- _DIRECTIONS_:
Produce a verbatim copy of the following records, leaving out all pictures.
[DATA UNDER STUDY Boundary: Start]
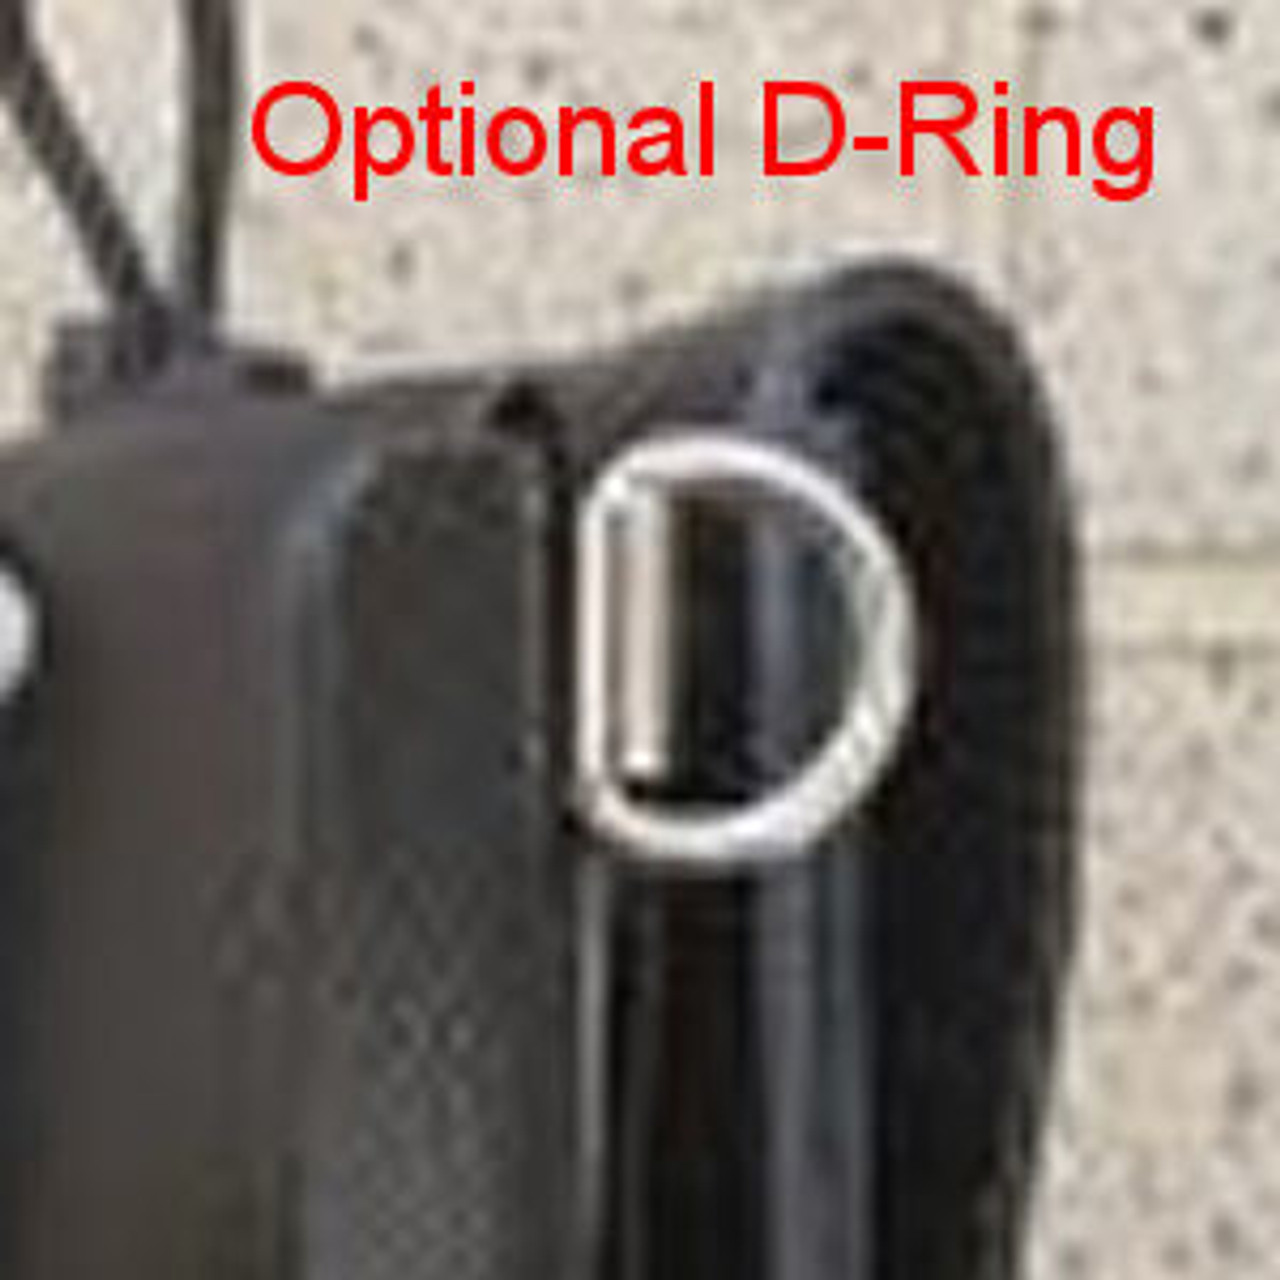 Harris P7370 Custom Radio Case With Optional D-Ring
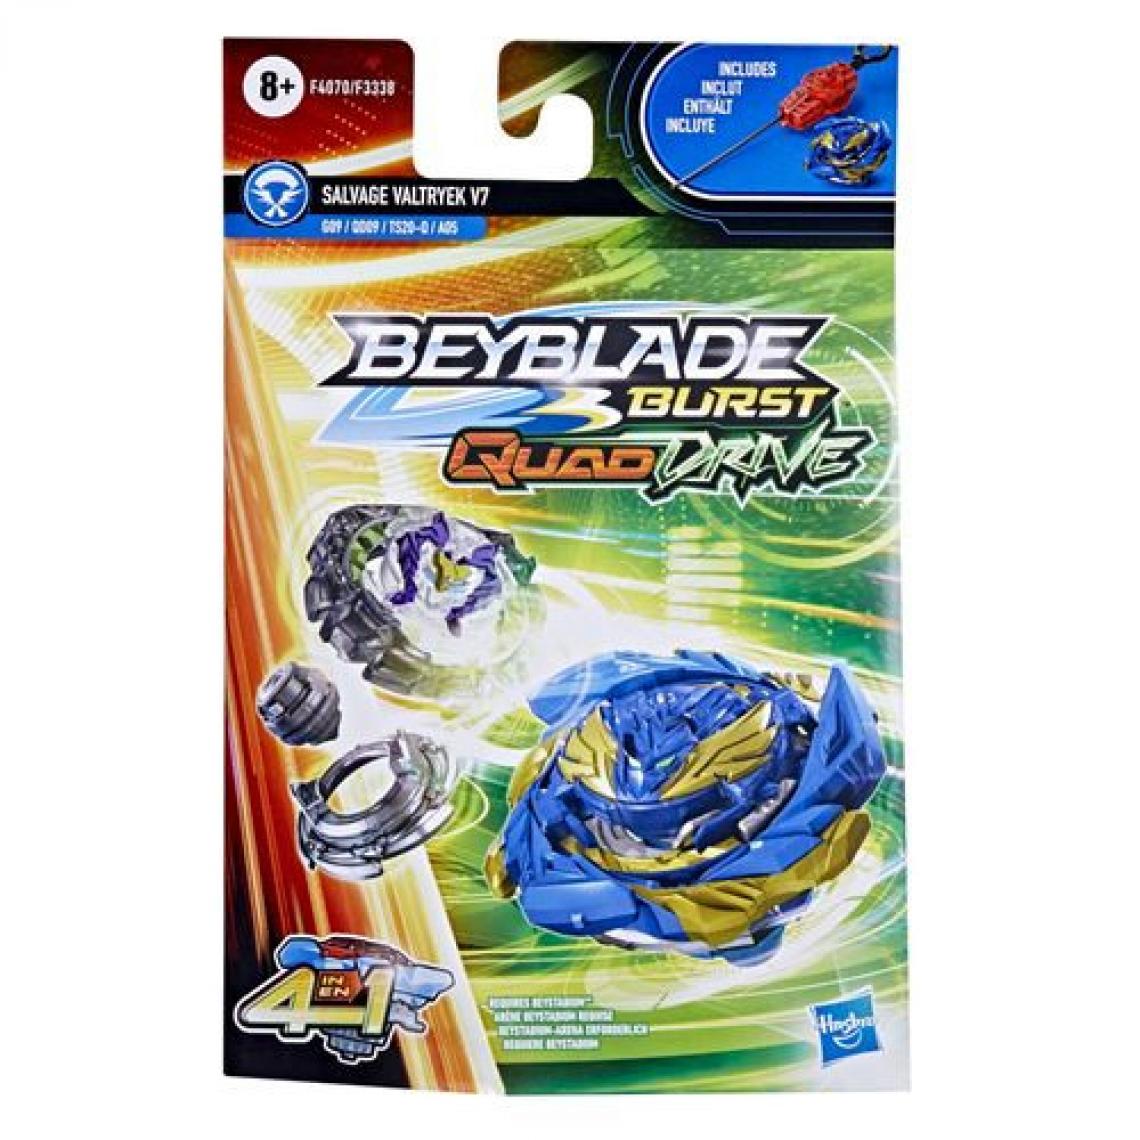 Beyblade - Toupie et lanceur Beyblade Burst QuadDrive Salvage Valtryek V7 - Animaux
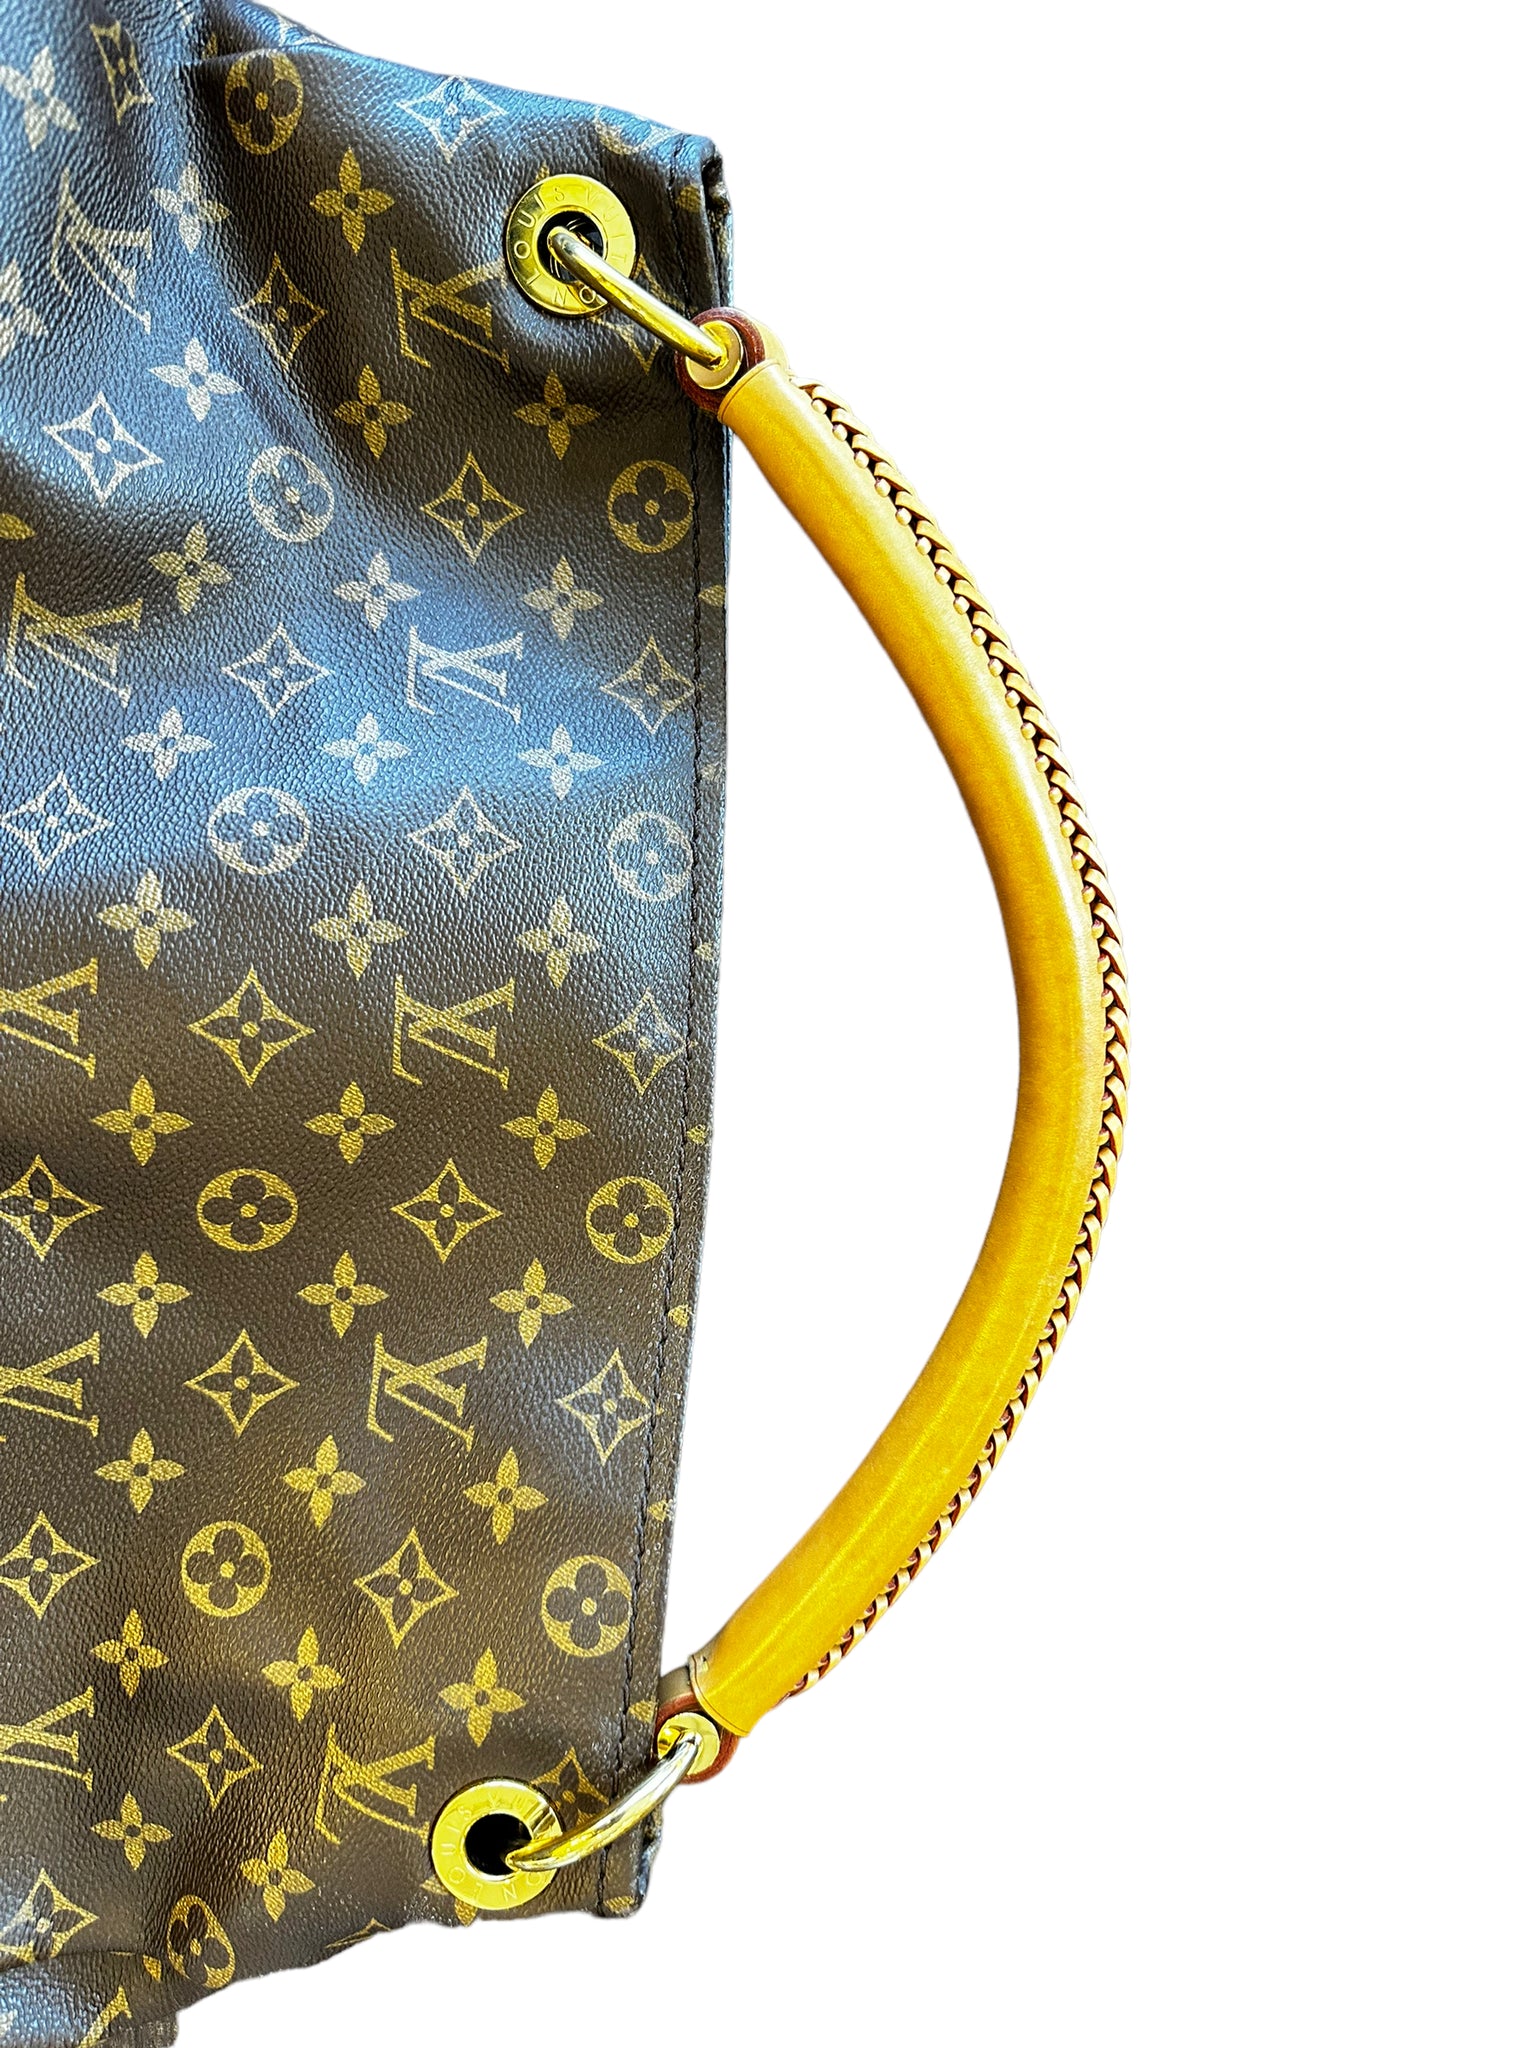 Louis Vuitton Artsy Mm Large Handbag Braided Handle
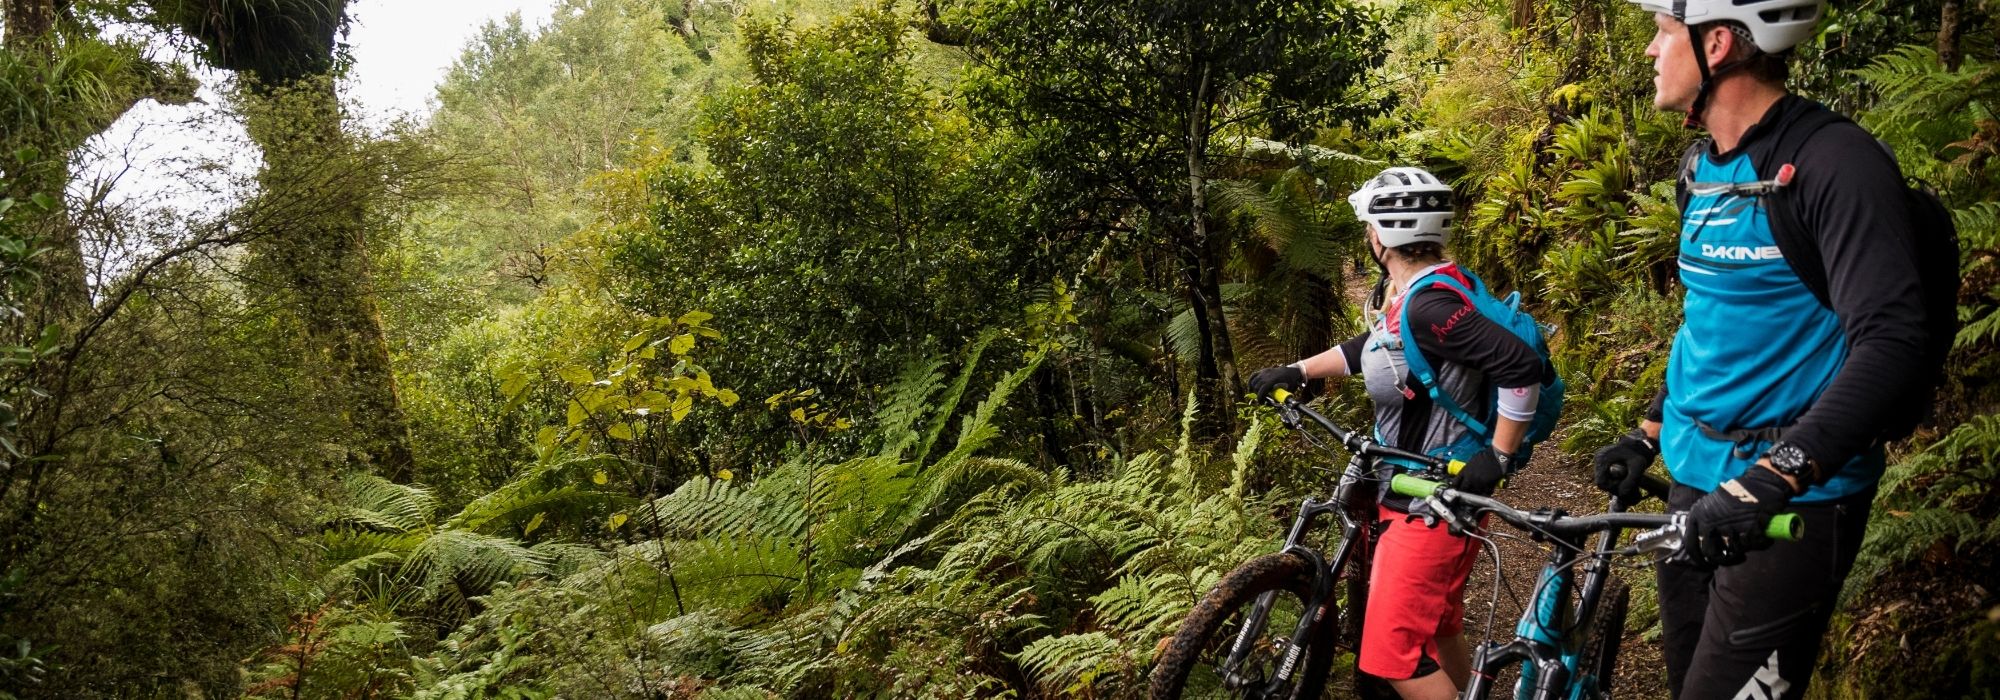 Mountain bike trail lowdown: Find your perfect match
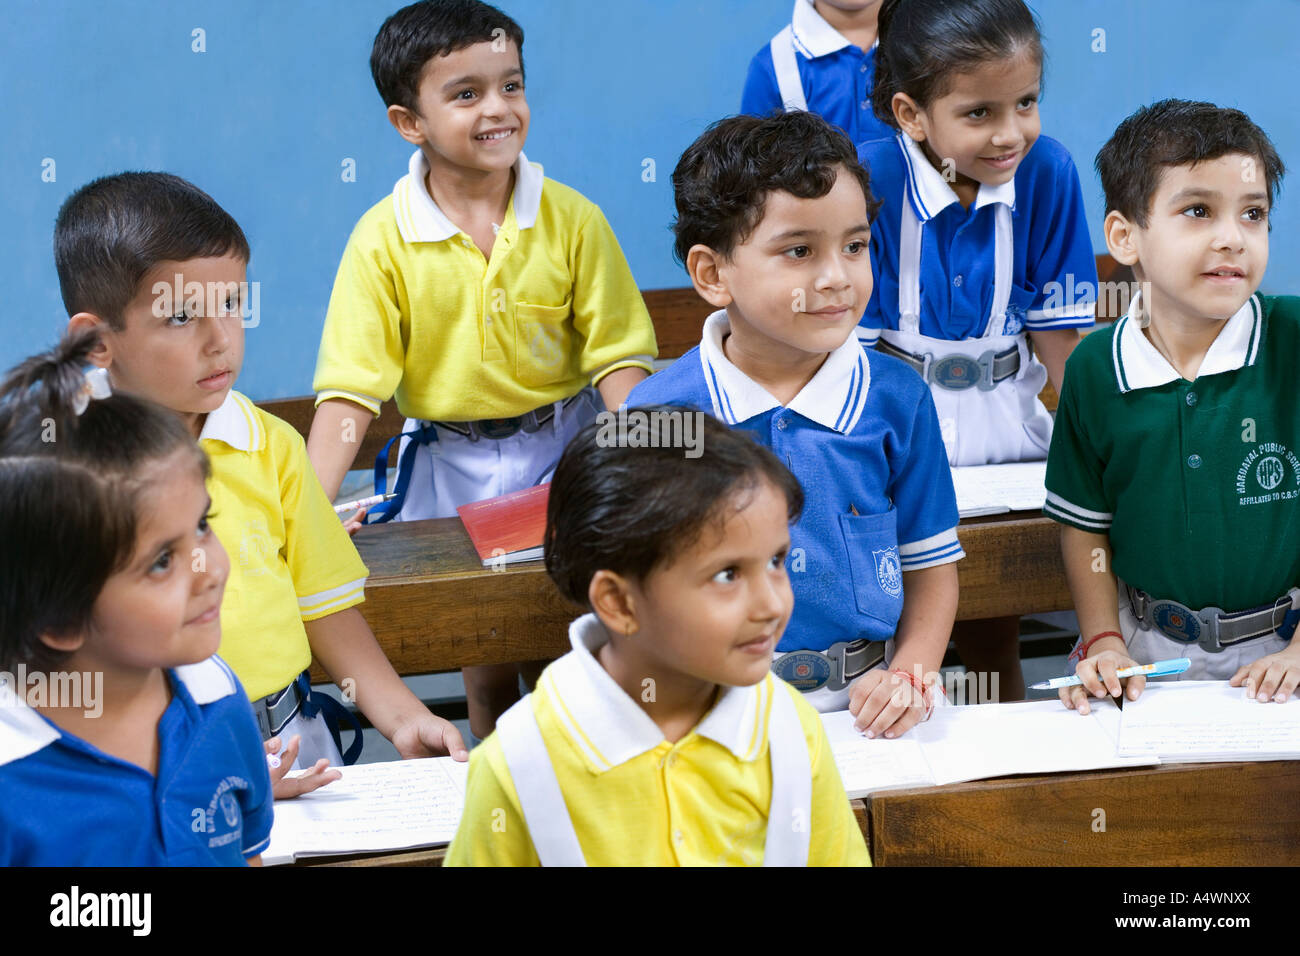 Children standing at desks in classroom Stock Photo
[DATA UNDER STUDY Boundary: End]
- _EXERCISE RESULT_:
 Harris P7370 Custom Radio Case With Optional D-Ring
 Beyblade - Toupie et lanceur Beyblade Burst QuadDrive Salvage Valtryek V7 - Animaux
 Louis Vuitton Artsy Mm Large Handbag Braided Handle
 Mountain bike trail lowdown: Find your perfect match
 Children standing at desks in classroom Stock Photo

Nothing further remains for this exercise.